This gives you an idea of the energy scales involved here.

So, what exactly happens will depend on what the target is made of. Certainly, though, it will explode messily no matter what; even if no energy is released at all (extremely unlikely) it will still wreak merry hell with the chemistry of the target and release an awful lot of chemical energy. And you'll get a bunch of unstable fission products left over, so you'll get a massive burst of radiation and incredibly nasty fallout.

*The favorite unit of particle physics - the energy it takes to move one electron across an electric potential difference of one volt.

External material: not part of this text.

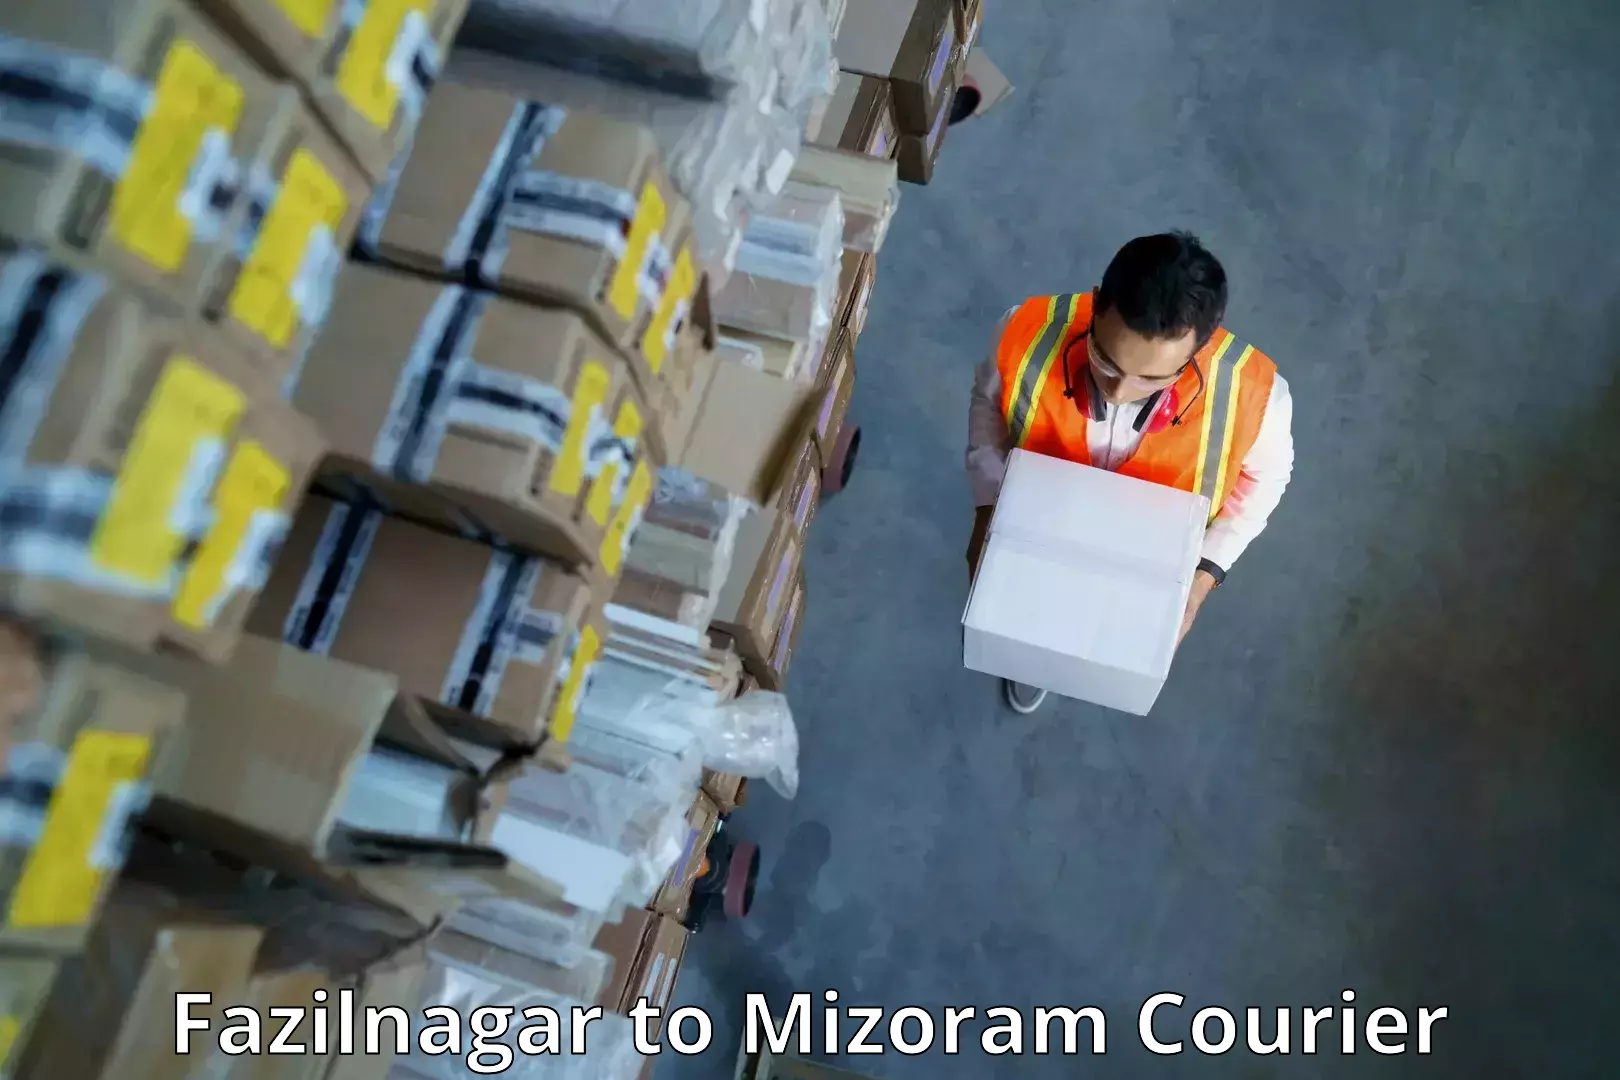 Professional courier handling Fazilnagar to Saitual

Because Einstein relates energy, momentum, and mass (as well as length and time), and Schrodinger relates energy and length, you can measure any damn thing you like by sticking constants onto eV.

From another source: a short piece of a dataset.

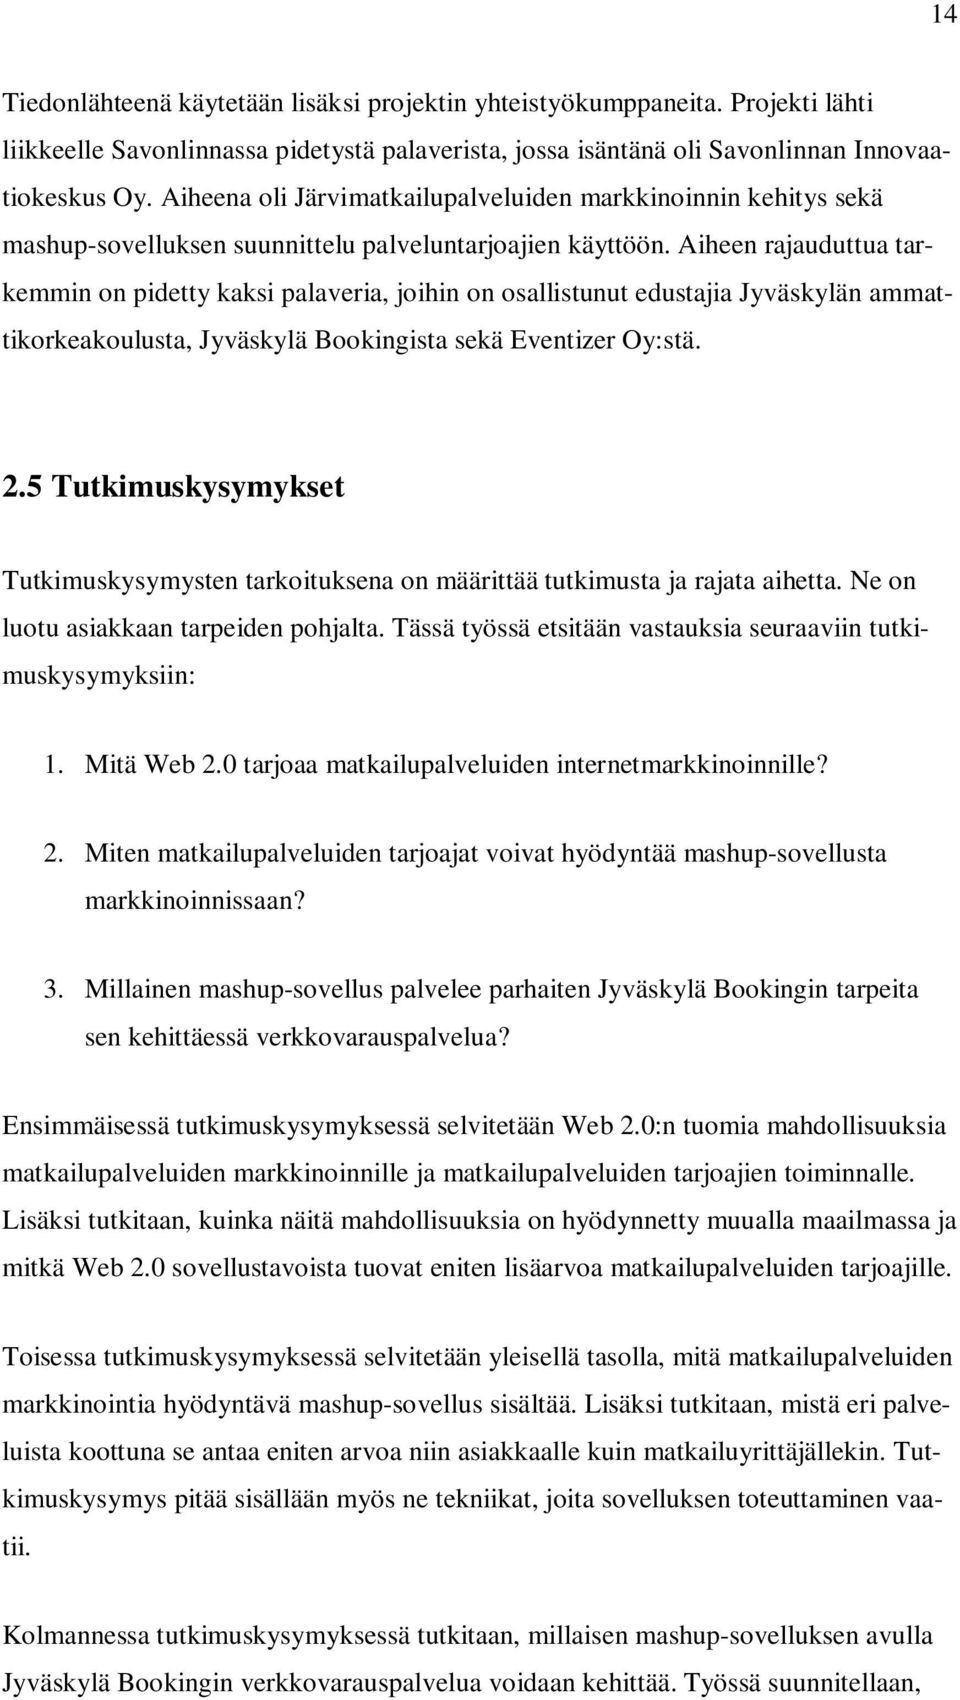 Aiheen rajauduttua tarkemmin on pidetty kaksi palaveria, joihin on osallistunut edustajia Jyväskylän ammattikorkeakoulusta, Jyväskylä Bookingista sekä Eventizer Oy:stä. 2.

Working out exactly what would happen would be really complicated, because there's lots of different atoms in things and you also have to guess at what the fission products will be and then look at their binding energies and what they decay into and with what energies, but I'd guess that it comes out to somewhere in the range of 0.1-10 MeV per atom for a typical target including decay products, and there's roughly 10^28 atoms in a human, so a person-sized target will probably get you somewhere between 40 kilotons of TNT and 4 megatons depending on composition, along with about 70 kg of weird fission products that'll probably decay pretty quickly but make for godawful fallout.

(If you were able to actually shoot at something fissile, like pure U-235, you'd get something on the order of 20 kilotons of TNT per kilogram, so like 14 megatons for our 70kg-ish human-mass target).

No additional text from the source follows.